▶ _Source information_:
================================

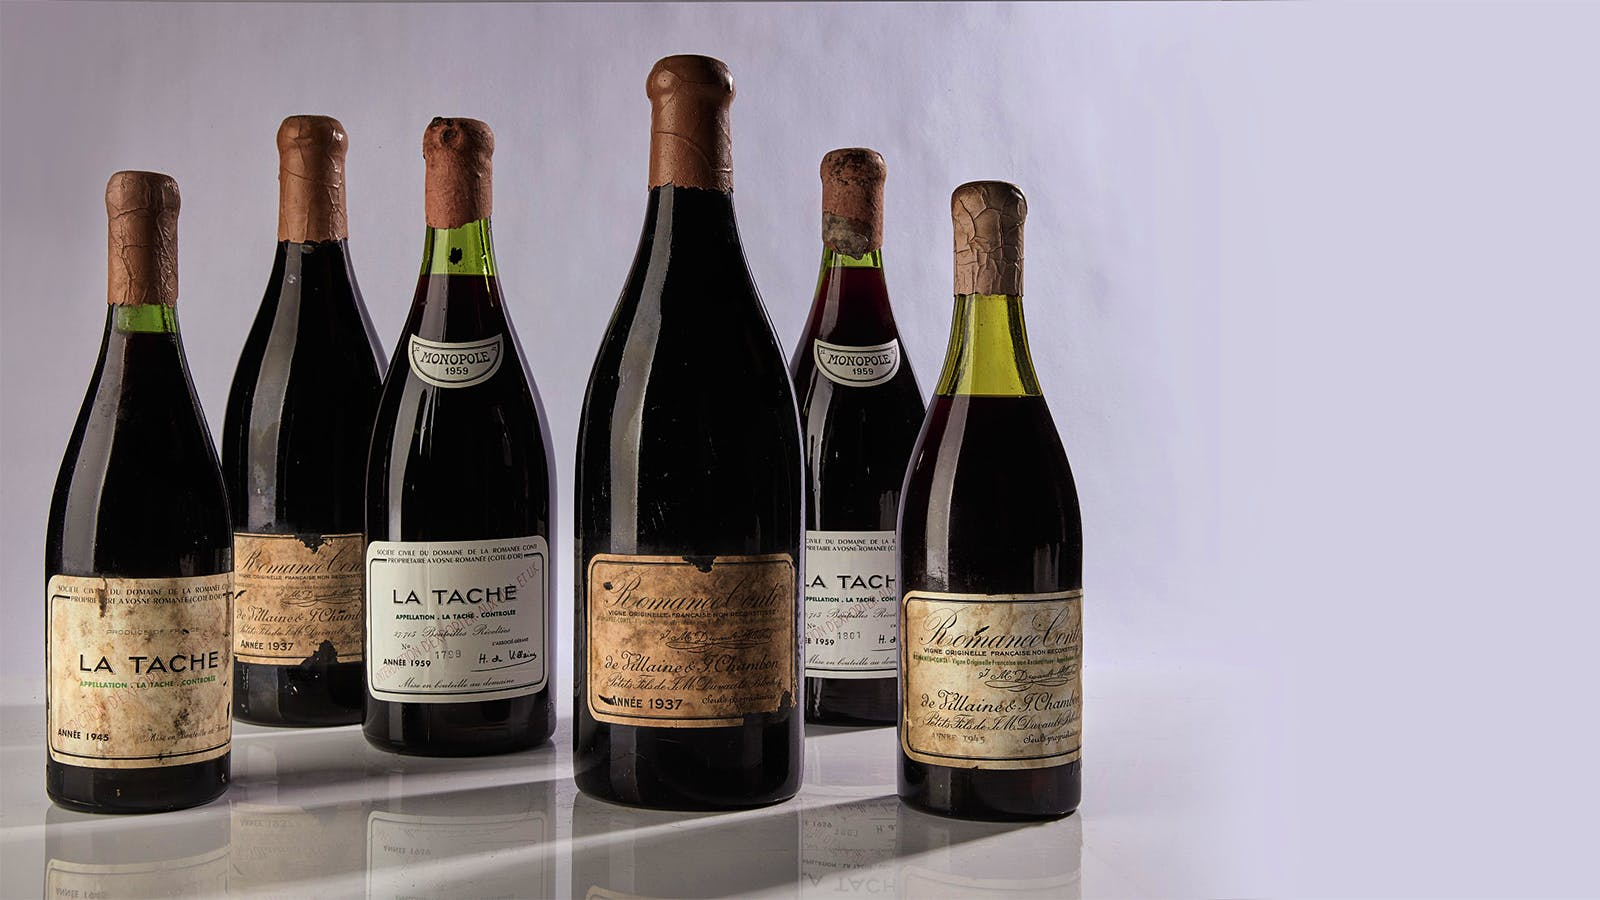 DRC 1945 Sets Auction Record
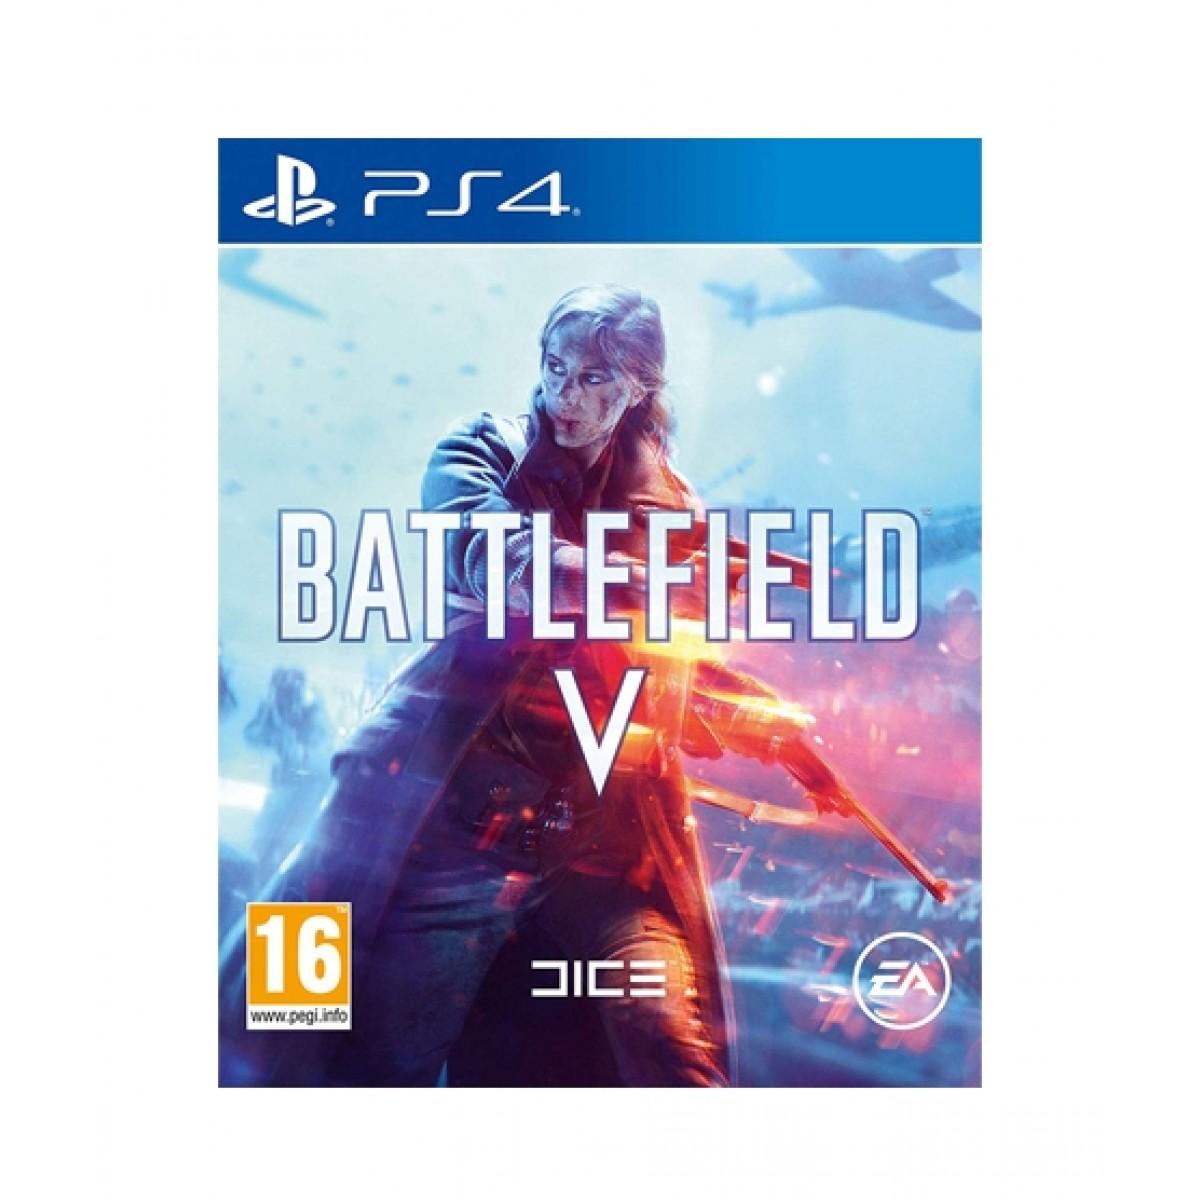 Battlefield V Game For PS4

================================

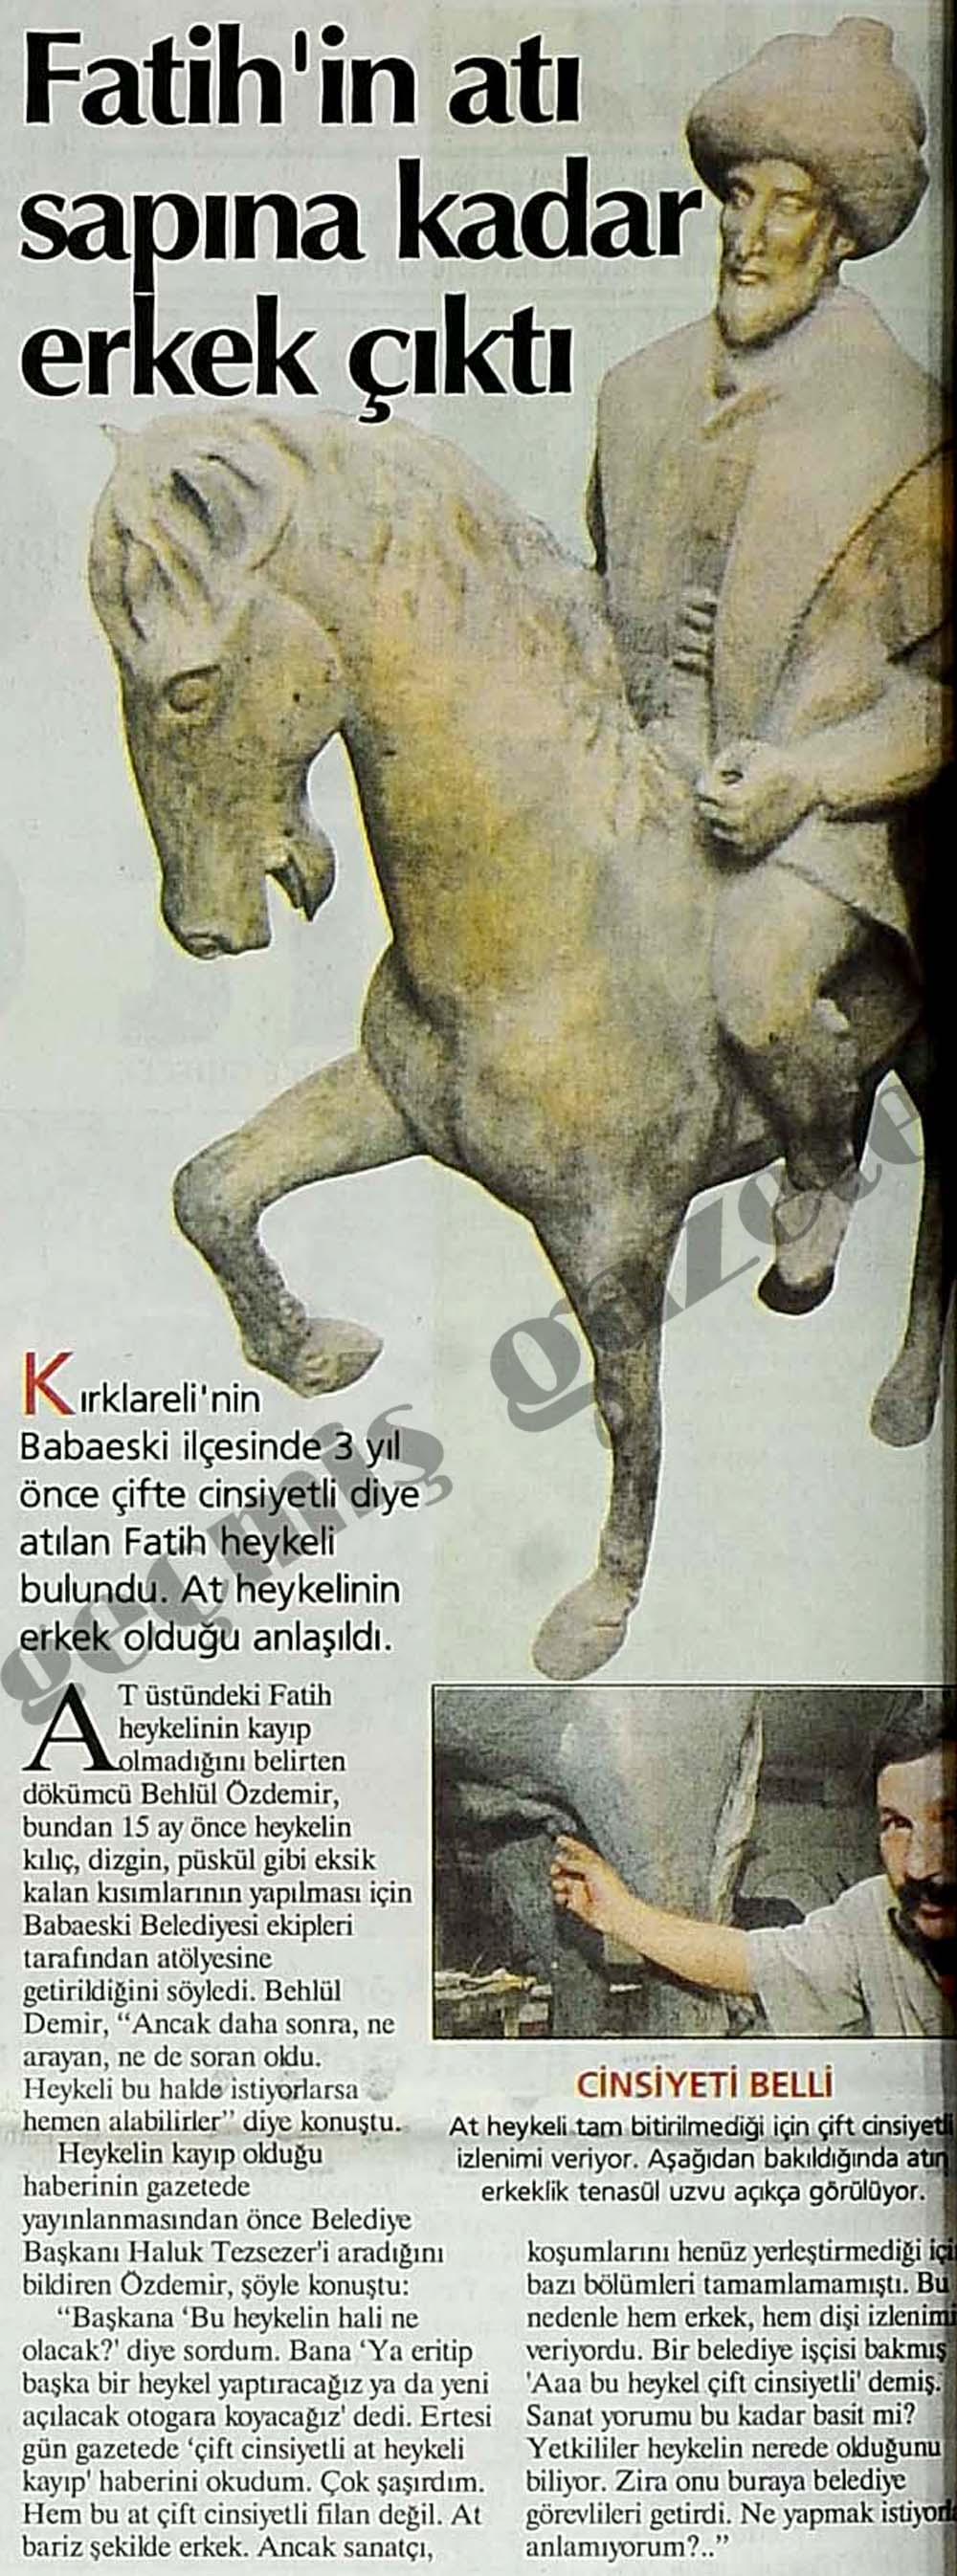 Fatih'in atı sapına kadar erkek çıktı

================================

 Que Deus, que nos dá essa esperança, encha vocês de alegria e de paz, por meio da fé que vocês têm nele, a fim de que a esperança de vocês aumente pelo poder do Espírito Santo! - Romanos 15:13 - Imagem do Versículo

================================

▶ _Your objective_: Above are entries with pictures among them. Write out exactly the lines from the one containing "DRC 1945 Sets Auction Record" through the one containing "Battlefield V Game For PS4", ends included, and leave those pictures out.

▶ _Response area_:
 DRC 1945 Sets Auction Record
 Battlefield V Game For PS4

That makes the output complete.